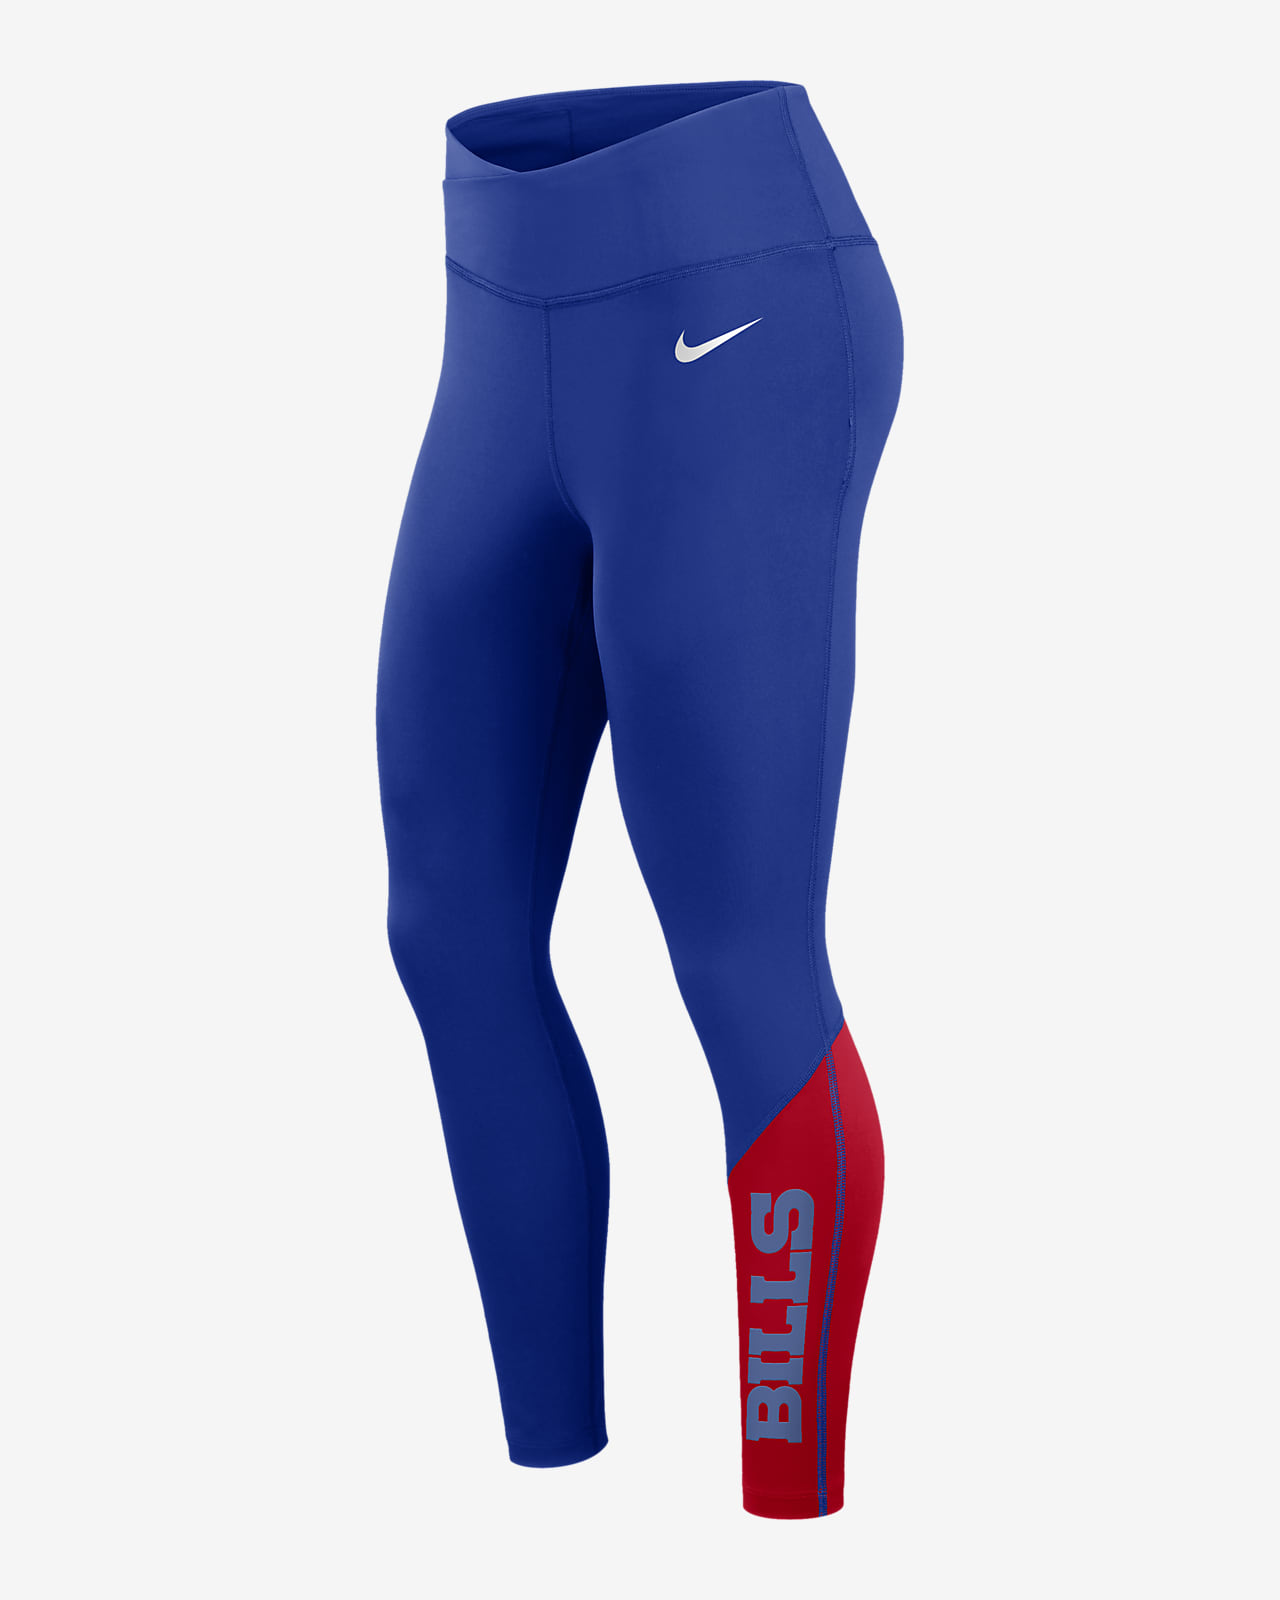 Leggings de 7/8 para mujer Nike Dri-FIT (NFL Buffalo Bills)
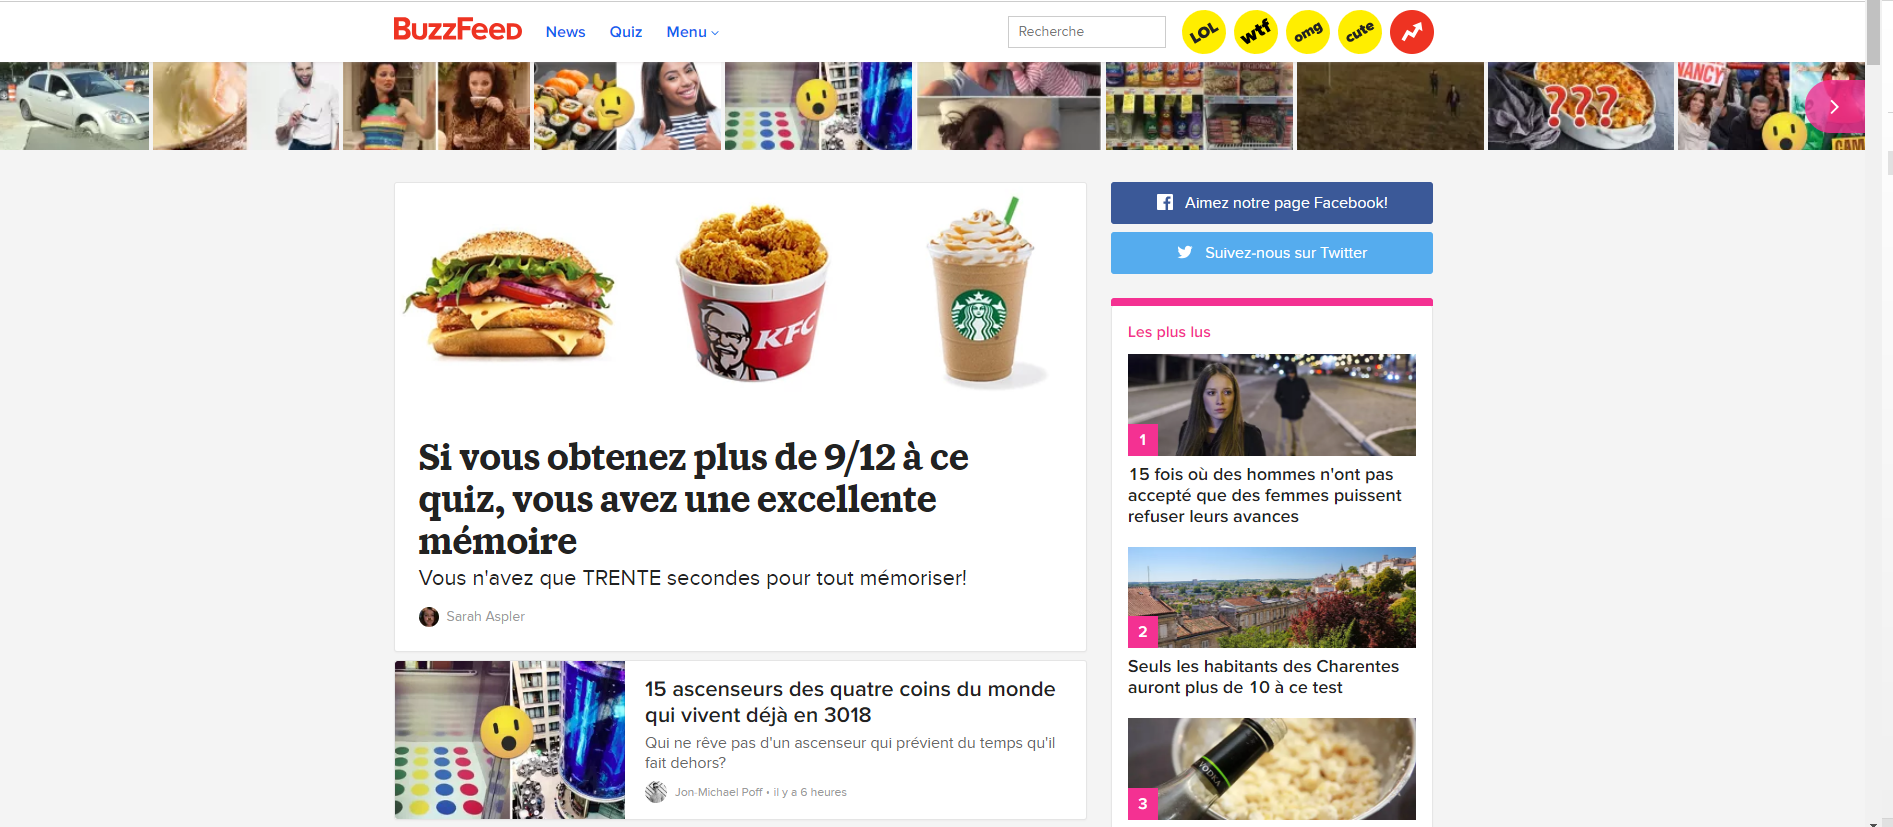 BuzzFeed France devrait cesser son activité dans l'Hexagone.
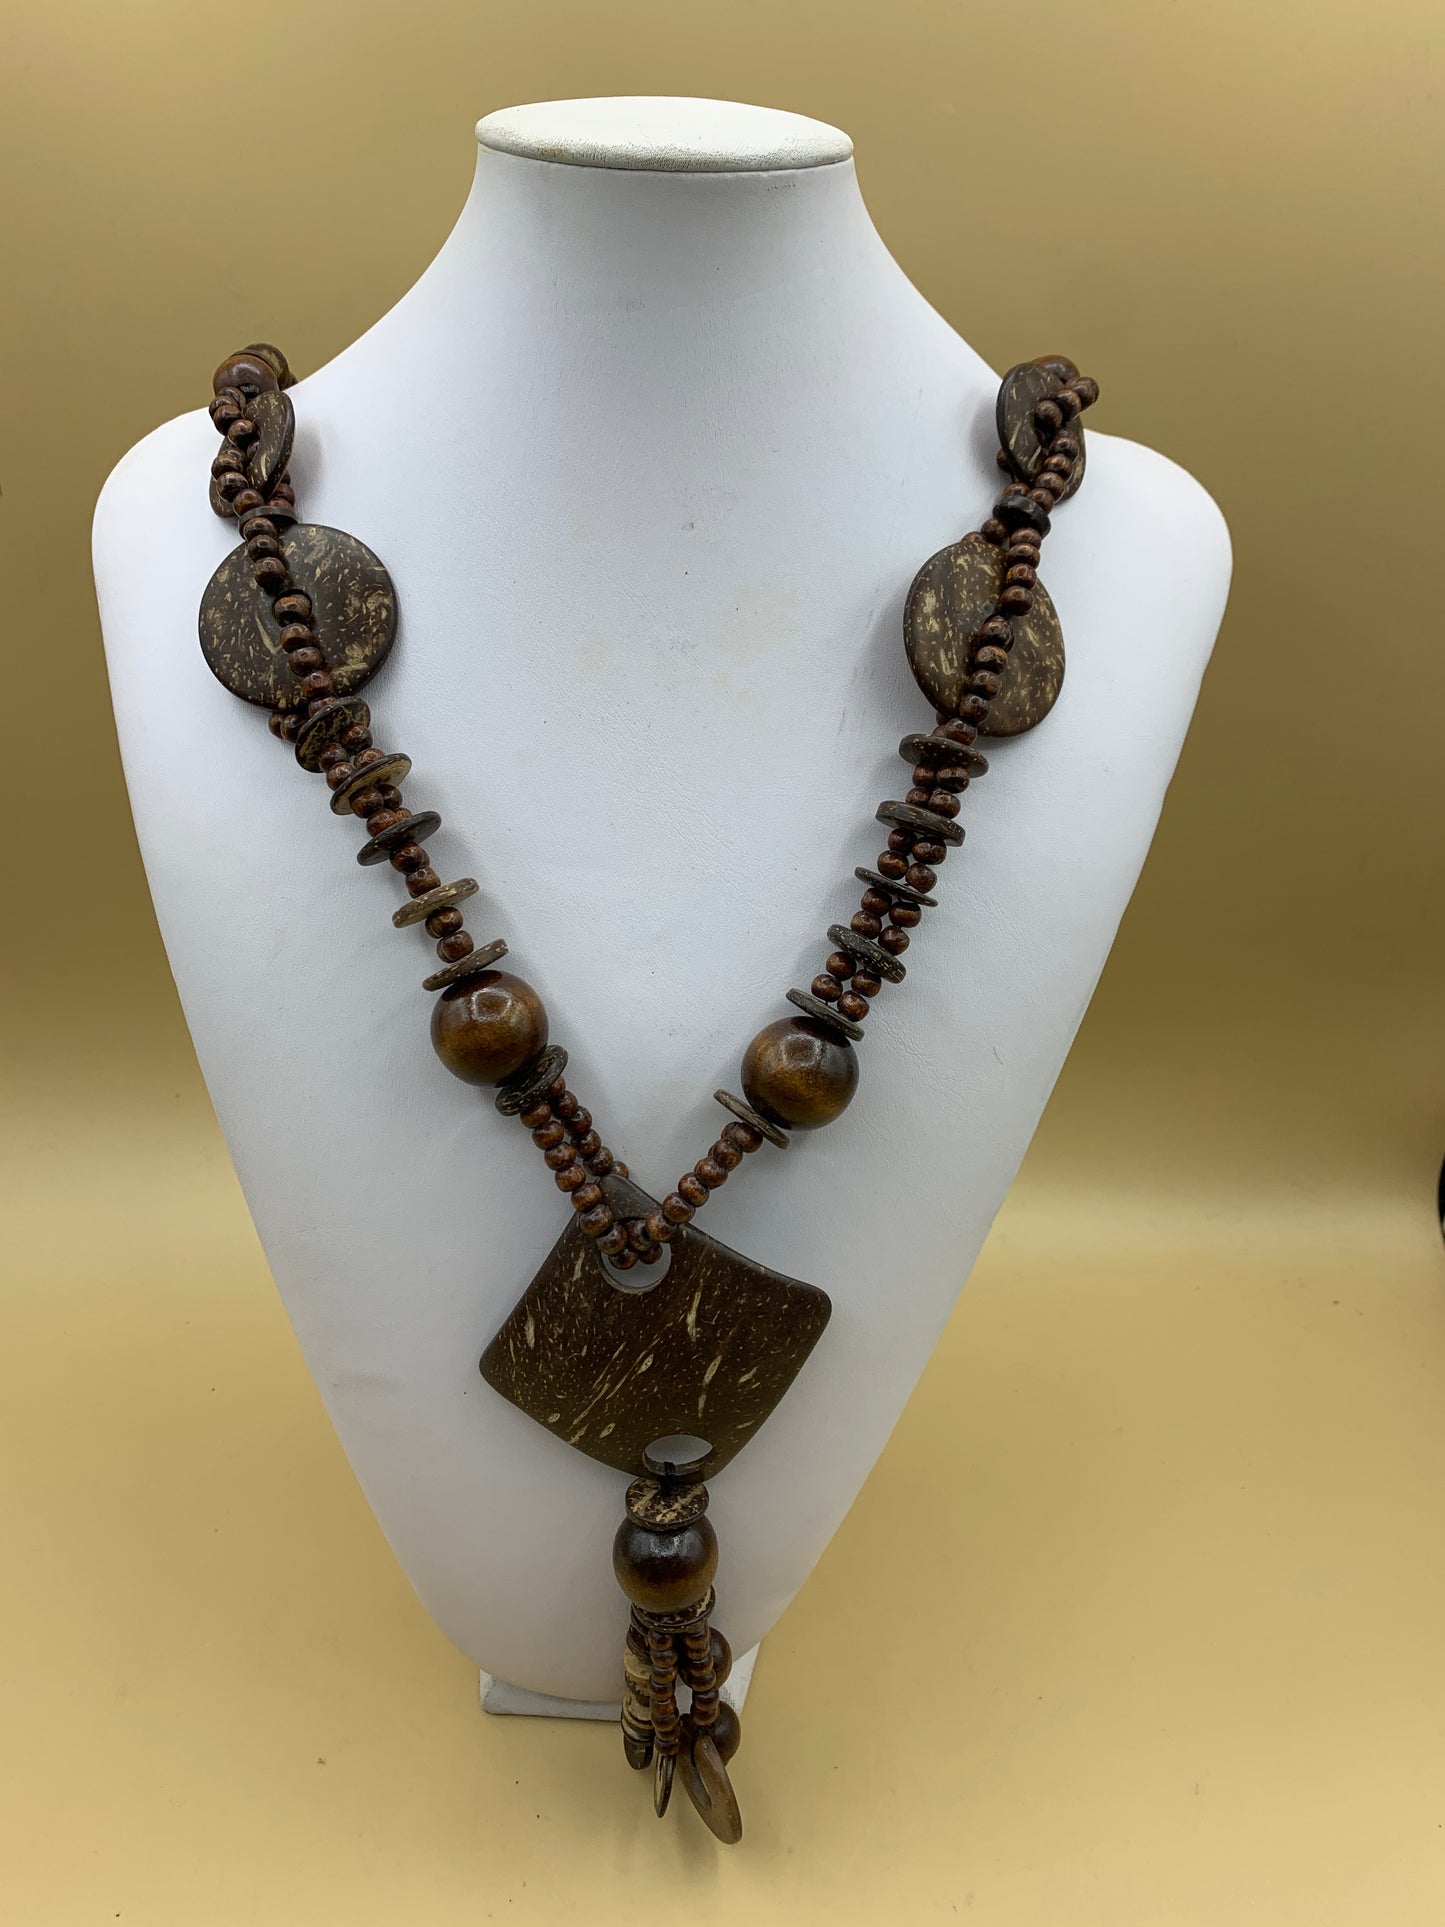 Halskette mit Seil und Kokosnuss-Anhänger

--------------------------------------------------

- ABOUT THIS EXERCISE -
Return the listing above word for word, with the pictures removed.

- SOLUTION TO THIS EXERCISE -
 Leggings de 7/8 para mujer Nike Dri-FIT (NFL Buffalo Bills)
 BuzzFeed France devrait cesser son activité dans l'Hexagone.
 Halskette mit Seil und Kokosnuss-Anhänger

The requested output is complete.